On a beau le savoir par coeur et à coeur ouvert, mais il est toujours étonnant de se réapercevoir que le temps passe au gré de ses humeurs qui sont généralement les vôtres – à ne pas confondre avec des humeurs votives ou volubiles – d’où le réa qui est parfois une réaction à l’aperçu. Tiens, par exemple je viens de m’apercevoir que vient de passer le deuxième anniversaire de ma mort – si l’on peut compter les anniversaires par mois – alors que j’ai tantôt l’impression d’avoir ressuscité hier, mais parfois que j’étais mort il y a une éternité, une toute petite éternité, mais qui paraît éternité néanmoins. Si je compte encore assez bien sur mes doigts, je viens aussi d’entrapercevoir que j’ai réouvert les yeux, ou ressurectionné pour de bon le jour anniversaire de la naissance du titi jésus – ce qui pourrait m’ouvrir des perspectives si je croyais aux opérations du saint esprit, et non tout bêtement que deux et deux font parfois quatre lorsqu’ils ne font pas cinq. D’ailleurs, mais sans le moindre rapport, je préfère le mot « ressuresction » au traditionnel « ressuscité » ; même si le second fait fureur dans les églises, le premier a le mérite de vous faire passer pour un intellectuel dans les salons mondains où l’on vous prend pour un cancre si vous dites que vous ressuscitâtes le jour de noël et pour un sacré corniaud si vous affirmez comme l’écrit votre médecin que vous avez été « compliqué par un arrêt cardiaque ressuscitable », ce qui est en effet crétin, un arrêt étant un arrêt, surtout lorsqu’il est cardiaque et que seules certaines élites de droite – et généralement ecclésiastiques ont le privilège de pouvoir ressusciter sous forme de saints, de sauveurs, voire parfois de saints sauveurs. J’aime bien aussi le mot « aperçu » qui permet d’à peu près tout dire sans jamais l’avoir vu, vous faisant passer pour un membre bien pensant d’une élite de gauche.

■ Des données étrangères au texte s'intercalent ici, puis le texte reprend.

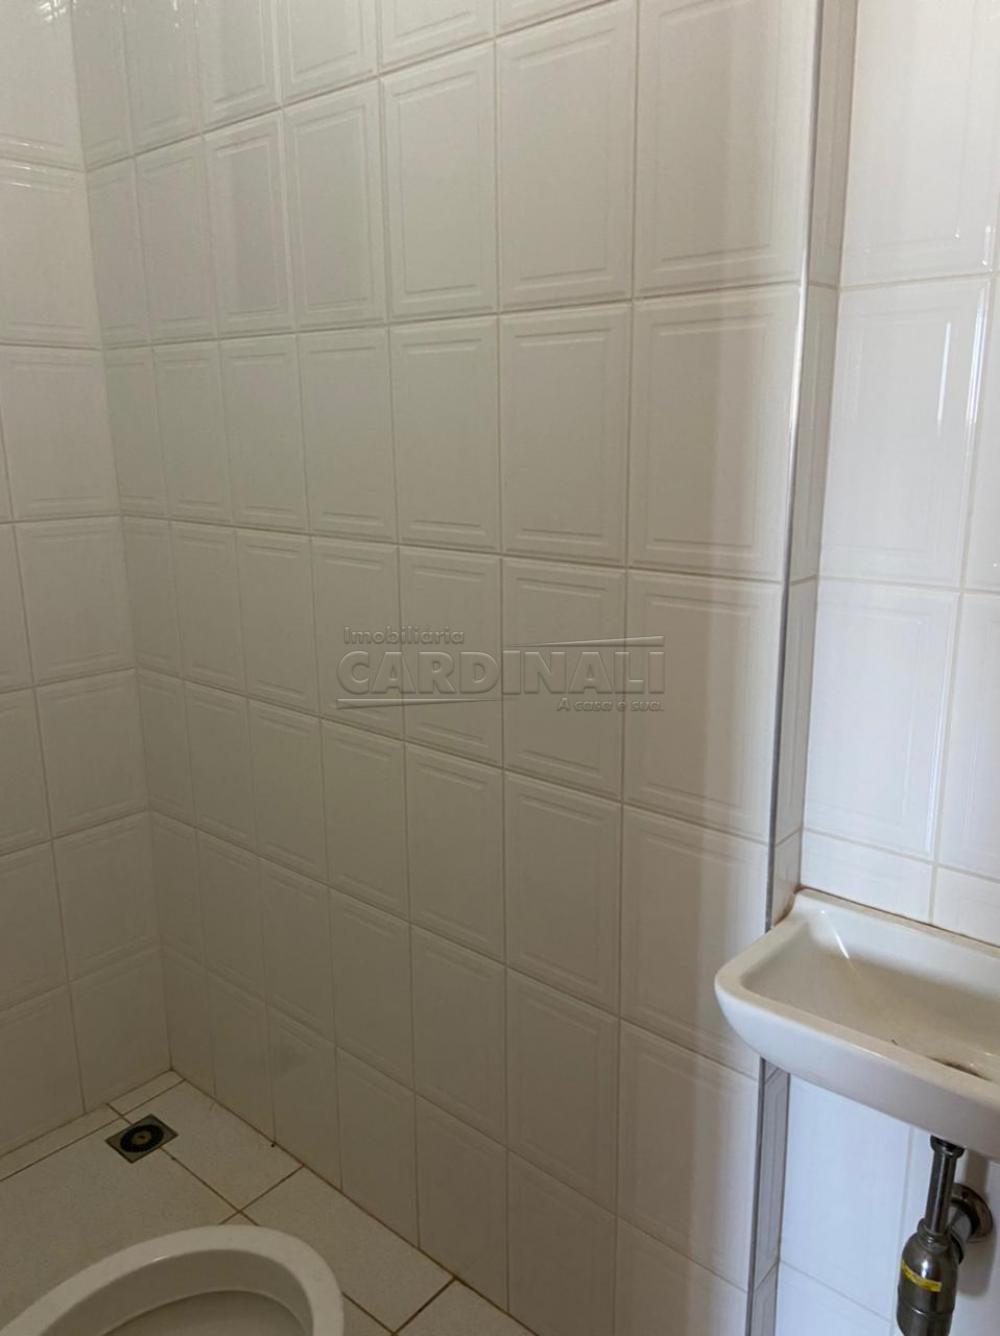 Alugar Apartamento / Padrão em São Carlos R$ 1.778,00 - Foto 17

Mais cessons ces digressions sur le non sens du temps qui passe et où qu’il va je vais ou ne vais pas, tout dépend du point de vue duquel on le voit passer. J’en entends en effet qui murmurent qu’ils nous emmerdre avec ses histoires de petit mort de rien du tout puisque ressuscitable justement. Pendant le mois qu’il a mis à plus ou moins ressusciter, on fêtait au champagne rosé et de chansonnette à l’eau de javel le premier anniversaire – qui lui se compte en années – du sauvage assassinat des Charlie hebdo, des bombes meurtrières pétaient sans chanson un peu partout de par le monde, faisant, elles, des morts éternels pour de bon, ce qui permettait de ne pas penser qu’un génocide tachait le Burundi de flaques de sang, et j’en passe. Alors sa petite mort de pas grand’chose, c’est pas pour médire, mais on s’en tape !
Certes, mais si comme tout un chacun je me place de mon point de vue pour regarder le temps passer, je suis bien loin de m’en taper.
Evidemment, c’est somme toute assez confortable de mourir pendant son sommeil. On ne sent rien, ce qui évite la déception de s’apercevoir que lorsqu’on est mort, il n’ a rien – si toutefois l’on ressuscite, bien sûr, à moins d’avoir été toute sa vie un indécrottable croyant, et que vous comprenez enfin que votre dieu et peau de balle, c’est kif-kif. Là, vous risquez de tomber de haut, sauf si vous êtes assis, et d’en remourir de déséspérence.
Tiens, mourir en dormant, c’est nettement mieux que de tomber d’une échelle de six mètres, et de claquer dans d’atroces douleurs après vous êtes cassé les trois jambes et qu’un pieux venu don ne sait où, mais posé là comme si fait exprès vous transperce la rate et la fend de rire en attenant que les pompiers n’arrivent que trop tard, ou, mieux, qu’ils arrivent juste assez vite pour que vous creviez devant la porte des urgences. C’est beaucoup mieux aussi que de mourir écrasé dans une bagnole et pissant le sang et les os en attendant que les pompiers… Et je ne vous parle pas lorsque vous mourez la gorge tranchée par un plaisantin armé d’un couteau, que ouille ! Même si c’est plus rapide, ça doit faire fichtrement mal aussi.
Bien alors, de quoi qu’il se plaint le ressuscité, il va jouer les jésus préchit-préchant la bonne parole que quitte à mourir pour rien, il vaut mieux crever en dormant plutôt que baignant dans son sang.
« Non, c’était juste pour dire comme ça ! » qu’elle me souffle la cigale s’approchant de l’infinie sagesse.